Friday, October 02, 2009

WASTE AND THE DRIVE TOWARD EXECUTION IN DUPAGE COUNTY

A senseless and wasteful exercise in criminal justice is playing out in Dupage County as prosecutors try to make Brian Dugan roughly the 16,000th person killed by the public authority since George Kendall was executed in the Colonies on charges of spying for Spain in 1608. Dugan’s death is sought even though he has pleaded guilty to the murder of Jeannine Nicarico in 1983, a move that generally serves to mitigate sentencing to life without parole. Executing Dugan, already serving two life sentences for similar murders, serves no judicial purpose whatsoever, but will sadly, satisfy the bloodlust of the Dupage County residents who favor capital punishment and presumably enhance the political career of DuPage County States Attorney Joe Burkett whose public persona is one of boundless support for it.

Burkett plows full speed ahead trying to orchestrate Dugan’s death even though the Nicarico case represents one of the worst cases of prosecutorial abuse in American history, in which DuPage prosecutors relentless pursued the death penalty for two hapless minority men, Rolando Cruz and Alejandro Hernandez, even though all credible evidence, including a willingness to confess to the Nicarico murder, pointed to Brian Dugan. While Burkett had no significant role in the Cruz-Hernandez trials that eventually exonerated both, as a Dupage County law enforcement employee since 1981, he had a ringside seat to the eleven year saga that ended in Dupage County paying 3.5 million dollars in civil damages to Cruz and Hernandez.

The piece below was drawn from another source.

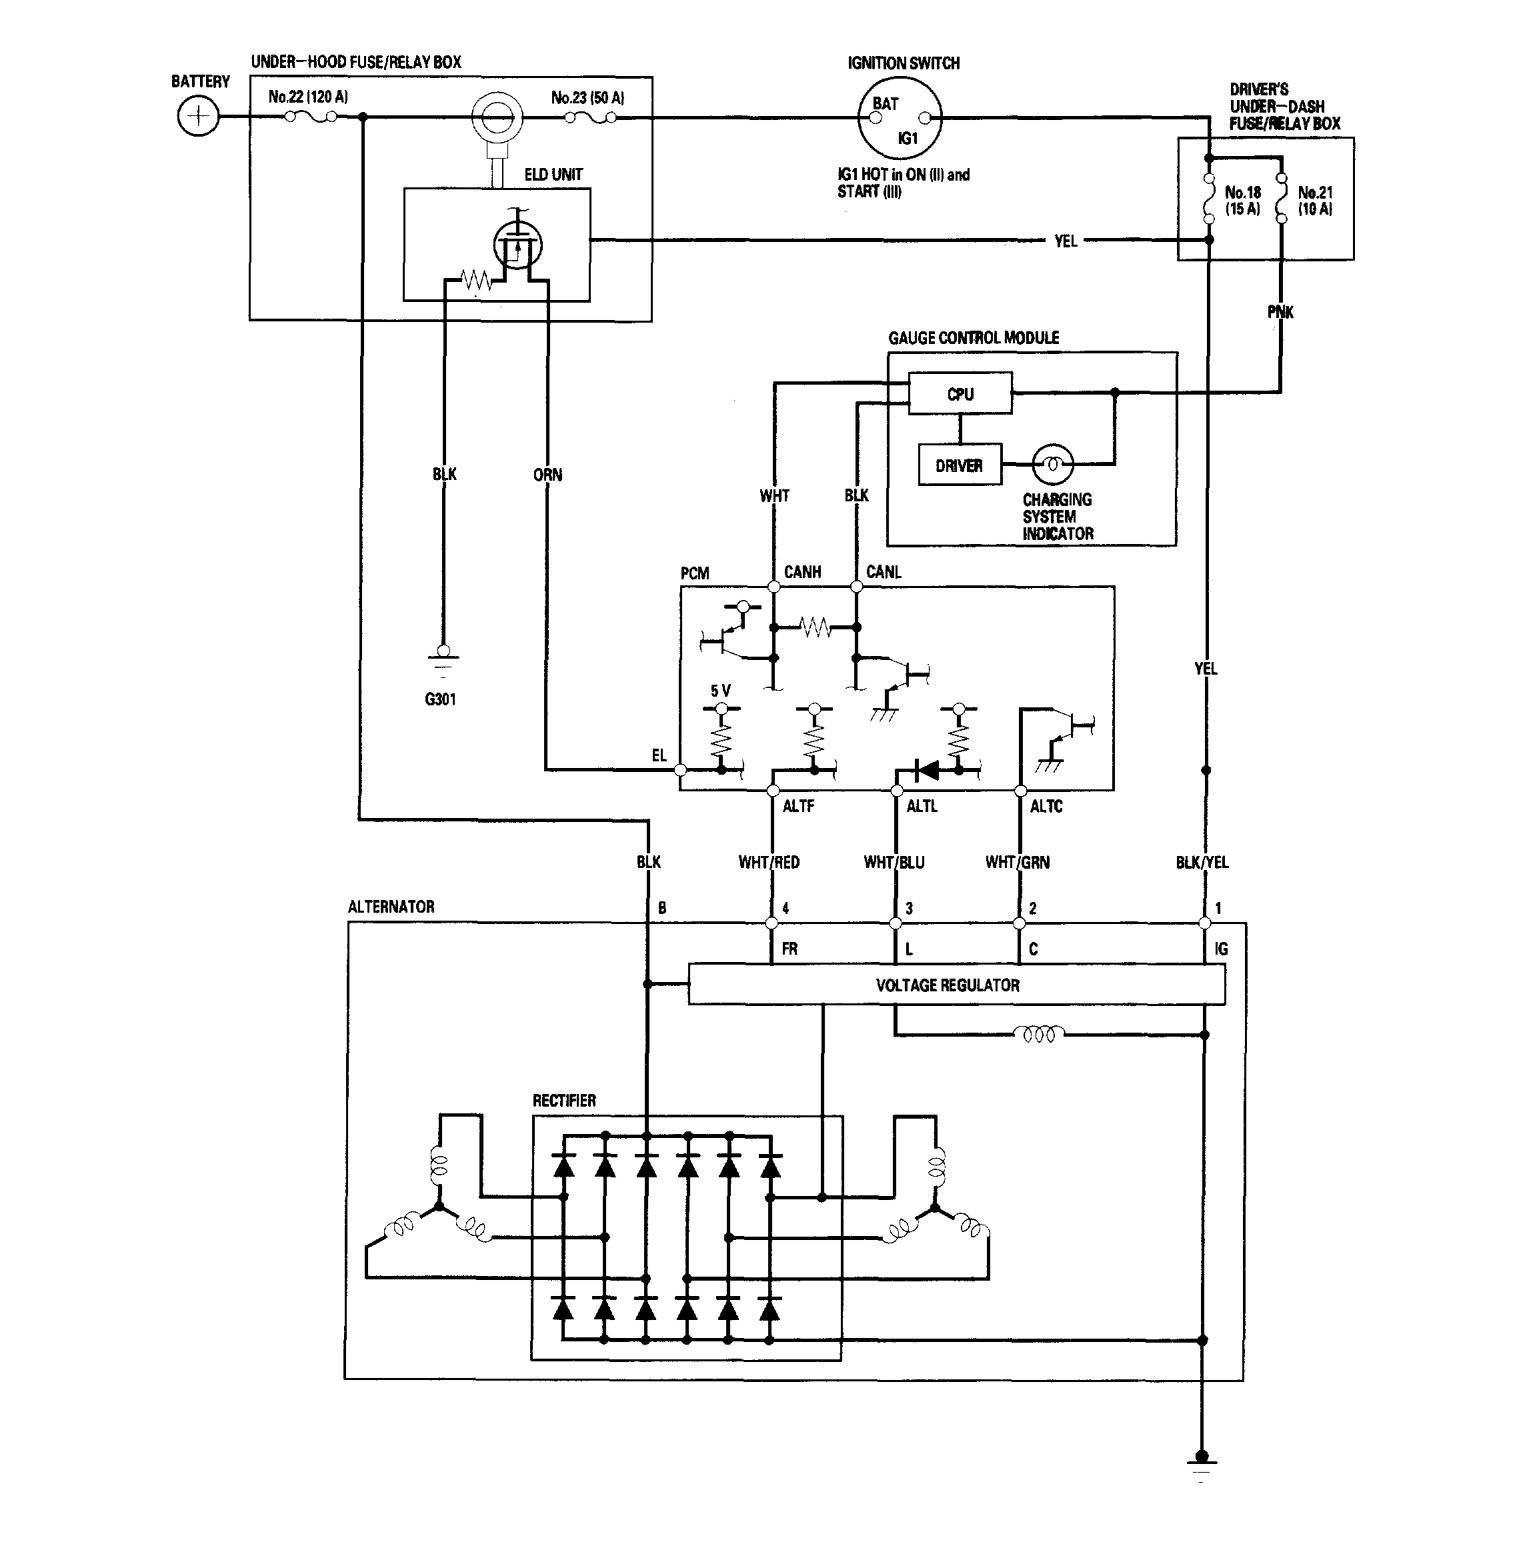 1990 Volvo 740 Gle Engine Diagram Wagon Wiring
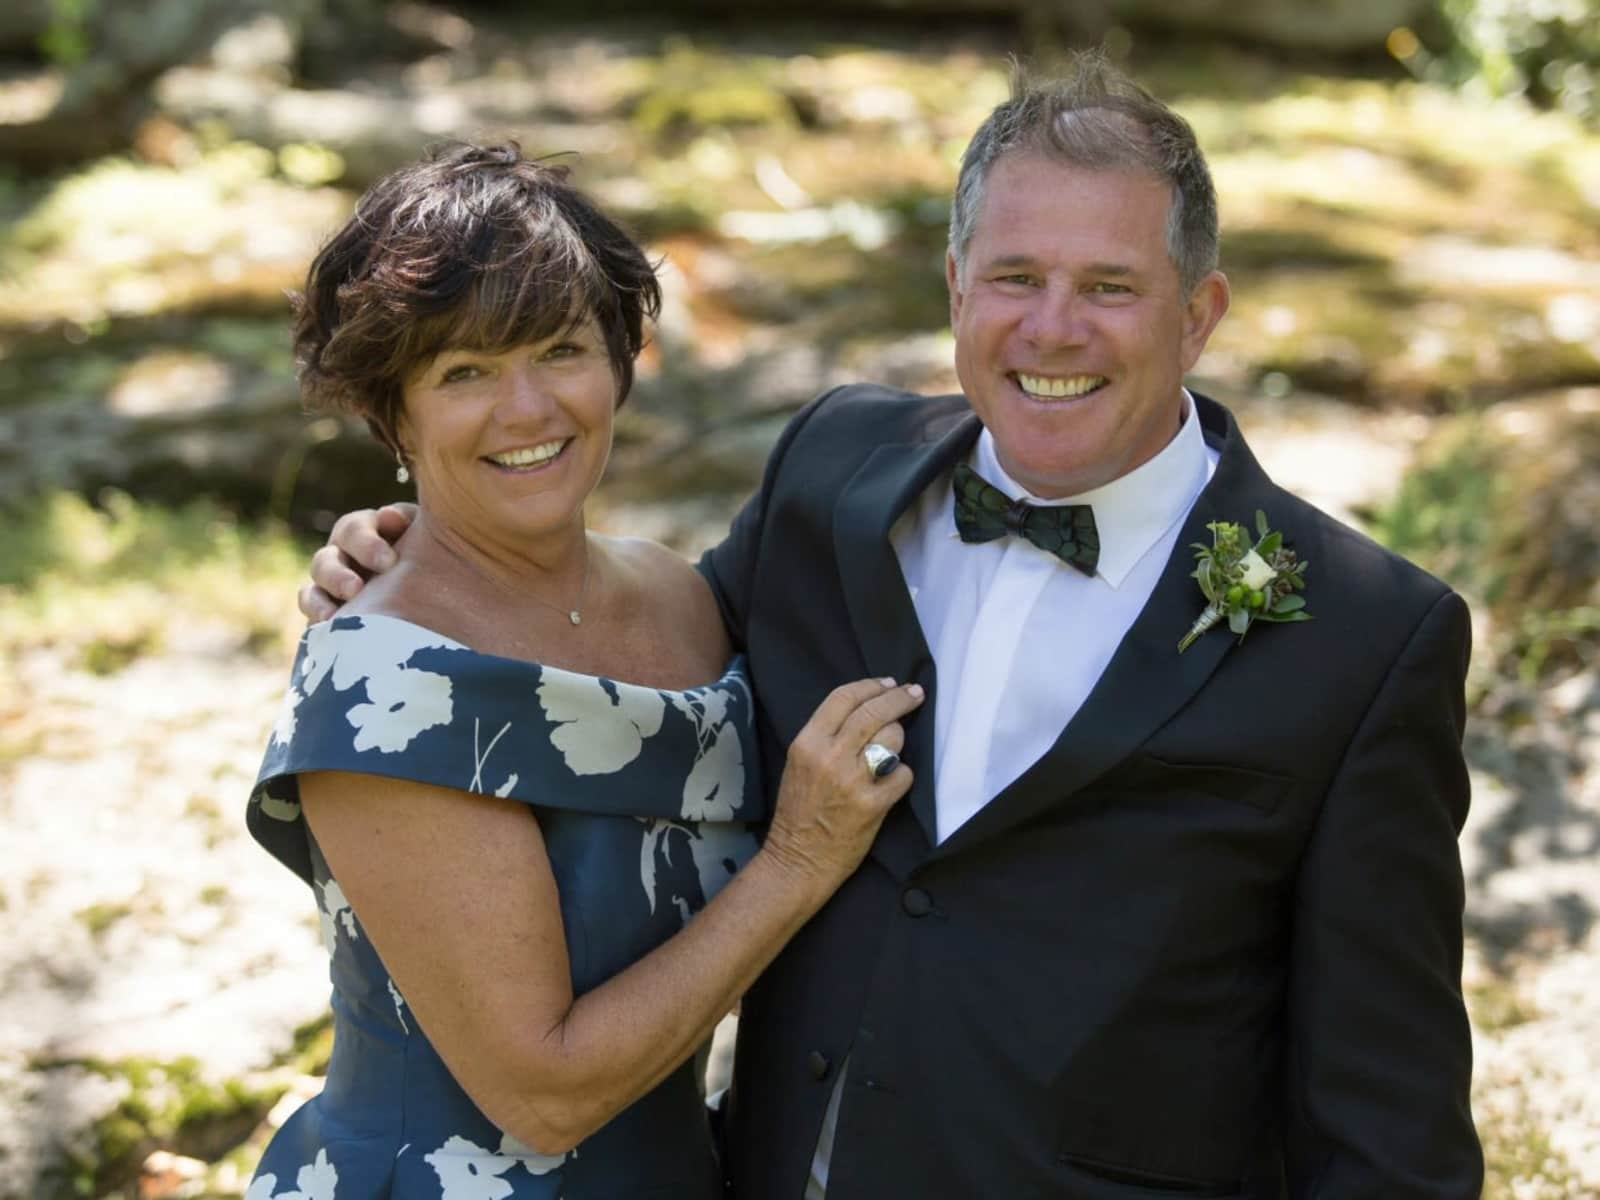 Anne & Steve from Ottawa, Ontario, Canada

The inevitable result of prosecutorial obsession for the death penalty is the killing of innocent convicted defendants. Over one hundred death row inmates have been freed based on DNA evidence since that forensic resource has surfaced in the last decade. That fact should convince everyone that many of the nearly 16,000 Americans executed were innocent but died simply because they were unable to prove their innocence.

In cases like Dugan’s, where the actual killer will forever be removed from society, seeking the death sentence is not only barbaric, it is bankrupting. The New York Times reports that it costs Florida $51,000,000 more each year to keep their 388 death row inmates trodding the Green Mile to execution than it would if they were simply serving life sentences. California spends an additional $114,000,000 more each year for their 667 death row inmates while social services are cut in an essentially bankrupt state. North Carolina’s 43 executions since the death penalty was re-instituted in 1976 cost an average of $2,116,000 each. Prosecutors in all three states are undeterred, as their 1,228 current death row inmates verify.

Man killing his fellow man is easy and commonplace. Society shouldn’t add to this horrific toll by letting its prosecutors commit this most heinous act against one’s fellow man under the authority of the state. The difference between the defendant and the prosecutor in the Wheaton County Courthouse is not all that great. The only one that matters is that the former is no longer in the killing business while the latter is far from done.